High Manual Annotation Cost: Trajectory generation traditionally depends on pilots operating UAVs in simulators, followed by manual instruction writing. This workflow is labor-intensive, time-consuming, and difficult to scale.
Insufficient Data Scale: Current aerial VLN datasets contain only about 10,000 trajectories, lagging far behind robot manipulation fields—where Open X-Embodiment and EO-1 have collected over 1 million episodes. This data scarcity severely limits model capabilities.

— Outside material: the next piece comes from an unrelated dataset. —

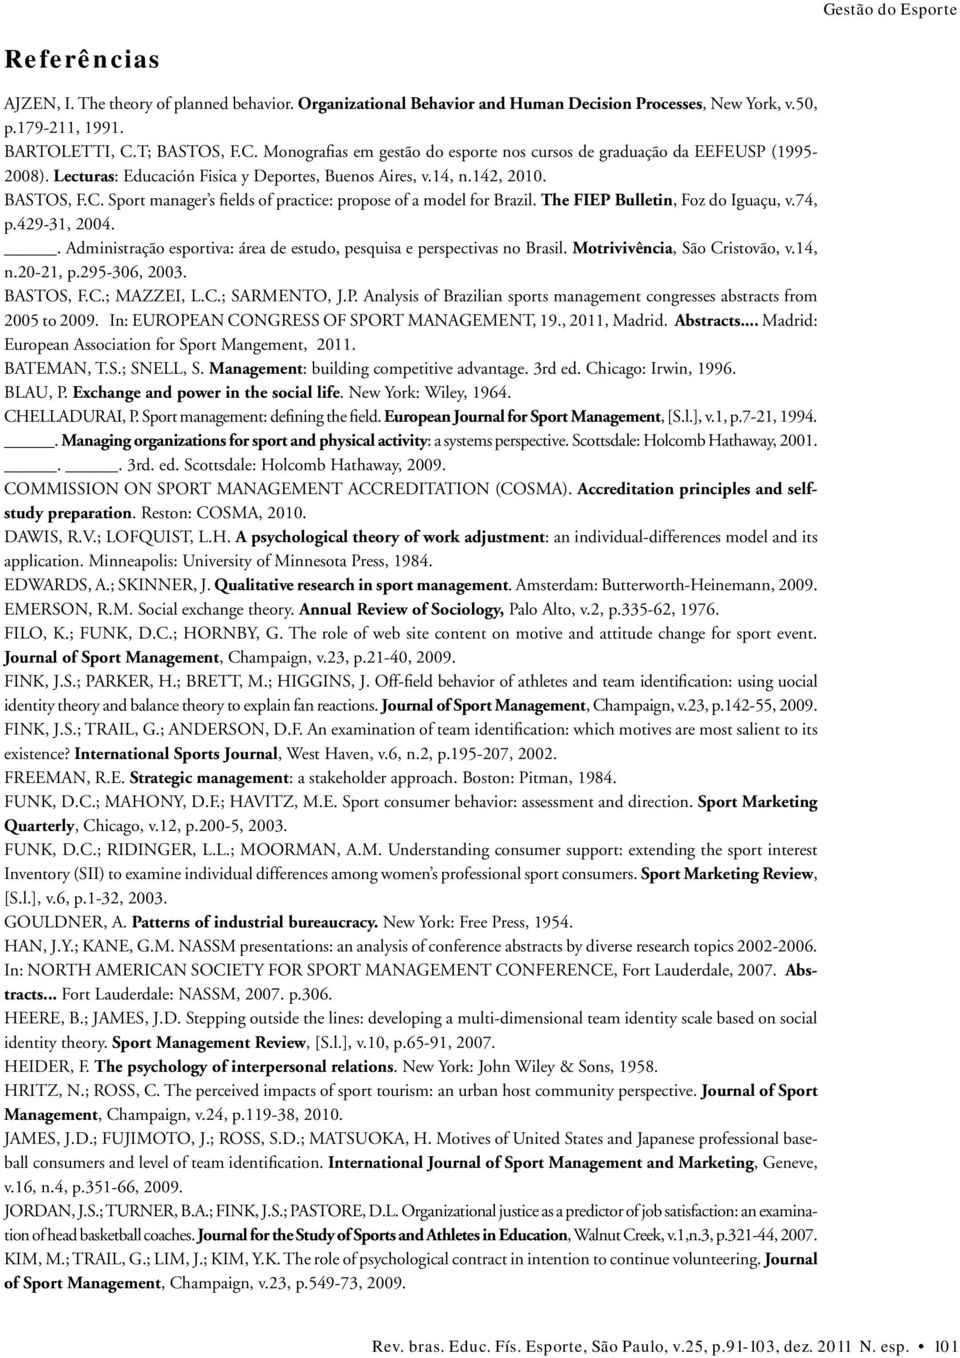 The FIEP Bulletin, Foz do Iguaçu, v.74, p.429-31, 2004.. Administração esportiva: área de estudo, pesquisa e perspectivas no Brasil. Motrivivência, São Cristovão, v.14, n.20-21, p.295-306, 2003.

Core Idea: (1) Multi-engine integration → Solve diversity; (2) Fully automatic toolchain → Solve cost; (3) 100k-scale dataset → Solve scale; (4) Keyframe-aware model → Solve visual redundancy in long sequences.
Method¶
Overall Architecture¶
OpenFly is not merely a single model but a complete closed-loop platform from scene acquisition to model deployment. First, diverse virtual and real scenes are built using four rendering engines. Next, an automatic toolchain batch "translates" each scene into navigation trajectories with linguistic instructions. Finally, the keyframe-aware OpenFly-Agent is trained on 100,000 trajectories. The data generation toolchain serves as the central hub—controlling agent movement and reading sensors via three unified interfaces to link "point cloud acquisition → semantic segmentation → trajectory generation → instruction generation," automating steps previously reliant on manual pilot operation and annotation. The platform and data nourish the model, while the model validates the data's utility.
%%{init: {'flowchart': {'rankSpacing': 24, 'nodeSpacing': 28, 'padding': 6, 'wrappingWidth': 400, 'subGraphTitleMargin': {'top': 8, 'bottom': 16}}}%%
flowchart TD
A["1. Multi-Engine Integration<br/>UE / GTA V / Google Earth / 3DGS"] --> TC
subgraph TC["2. Automatic Data Generation Toolchain"]
direction TB
B["Point Cloud Acquisition<br/>Raster Sampling / COLMAP"] --> C["Semantic Segmentation<br/>Landmark Selection"]
C --> D["Trajectory Generation<br/>A* Collision-Free Path"]
D --> E["Instruction Generation<br/>Sub-trajectory Clipping → GPT-4o"]
end
TC --> F["100k Trajectory Dataset<br/>18 Scenes"]
F --> G["3. OpenFly-Agent Keyframe-Aware<br/>Selection KS + Token Merging VTM"]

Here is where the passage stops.